Они все четверо уселись в кружок прямо на траву, которая была здесь очень высокой. Лебедев сломил дудку пахучего зонтичника, размял ее и счастливо покрутил головой: «Как освежает!» После городской духоты он все еще не мог вволю насладиться просторами полей и перелесков, щекочущей в горле теплой волной испарений земли. Но, кинув беглый взгляд на Алексея Антоновича, по какой-то невольной ассоциации он вдруг подумал об Анюте, которая, ловя сохнущими губами застойный, тягостный воздух подполья, сейчас стоит у своей наборной кассы и почерневшими от свинцовой пыли пальцами прикладывает литеру к литере. Беспечная улыбка сбежала у него с лица, и он заговорил сдержанно, серьезно:
— Ну, товарищи, рассказывайте прежде всего о своих делах.

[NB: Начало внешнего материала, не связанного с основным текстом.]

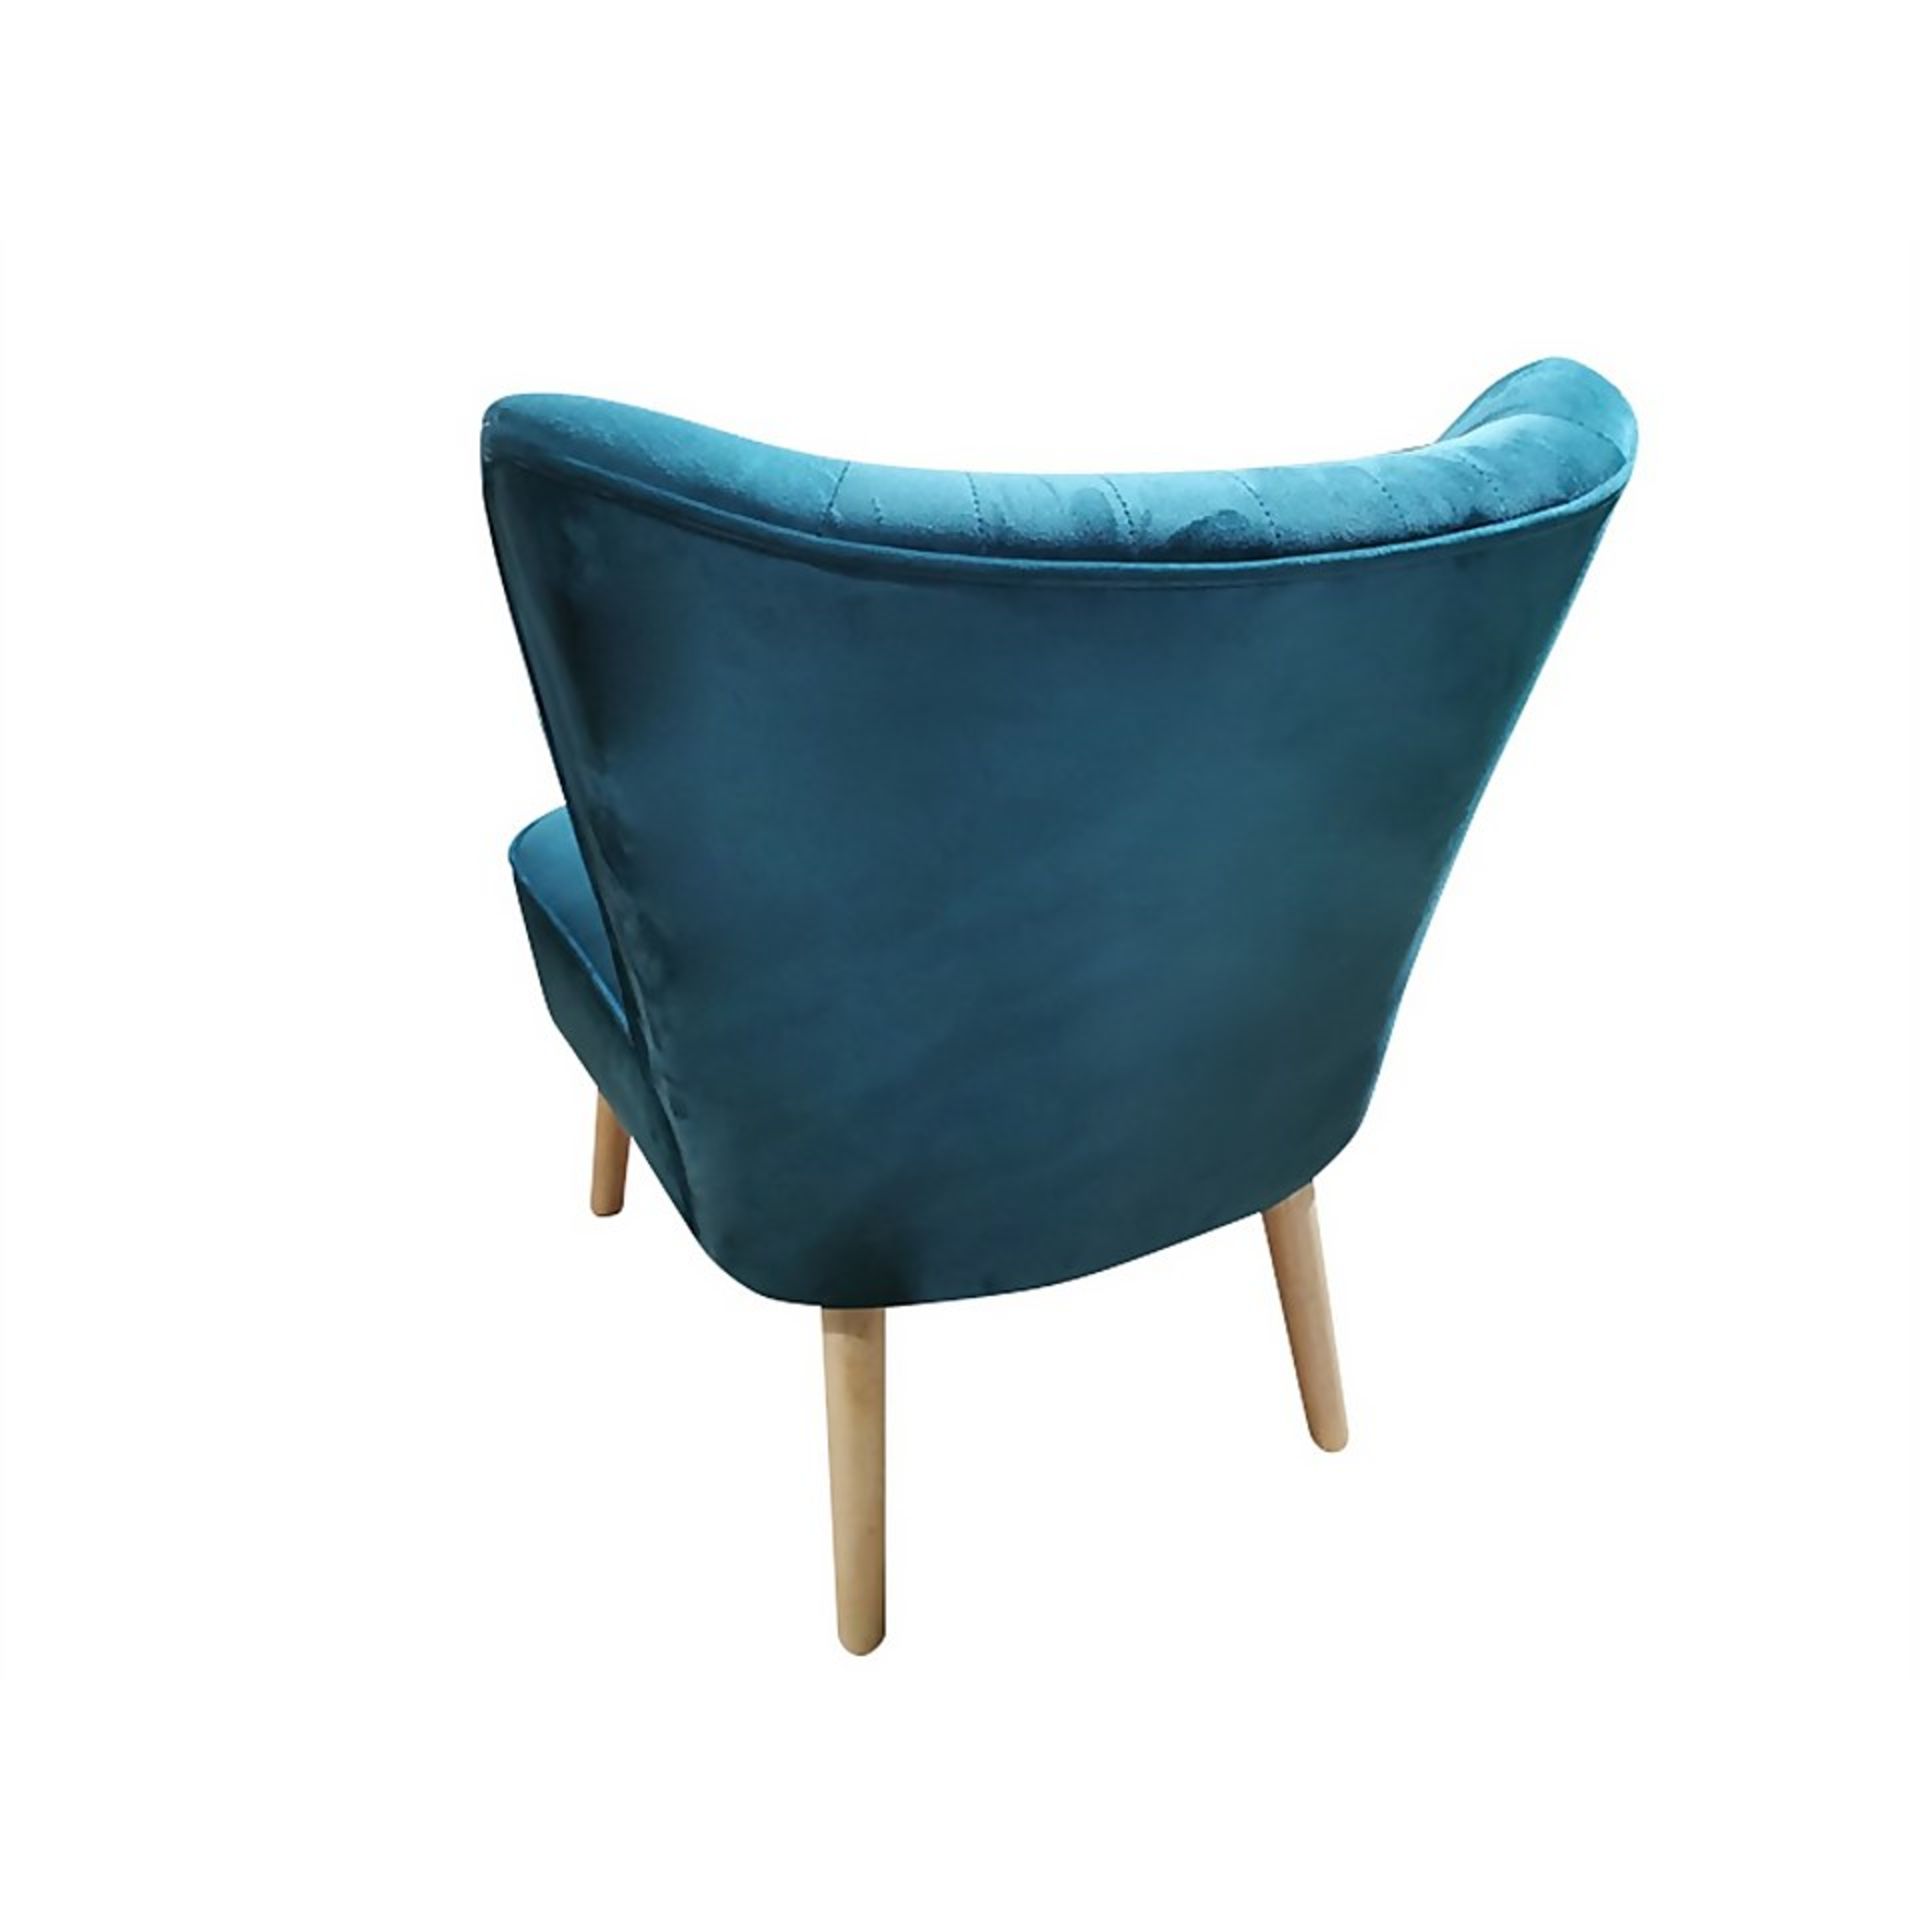 (R7M) 1 X Occasional Chair Teal. Velvet Fabric Cover. Rubberwood Legs. (H72xW60xD70cm) RRP £60 - Image 3 of 6

Рассказывать стал Терешин. Коротко, скупо:
— Нечем особенно похвалиться. Все обыкновенно идет. Занимаемся агитацией, дружинников обучаем, оружие достаем, деньги собираем. Всего этого мало, конечно. И медленно. Плохо. Правда, есть и хорошее. Сознание у рабочих проясняется, смелости стало больше. На массовки валом народ идет.
— В Красноярске и в Томске за этот год были тяжелые провалы, — сказал Лебедев.
— У нас после январской забастовки тоже более десятка человек арестовали. Правда, потом всех выпустили. И меня тоже. А уволили с железной дороги многих. И сразу в солдаты.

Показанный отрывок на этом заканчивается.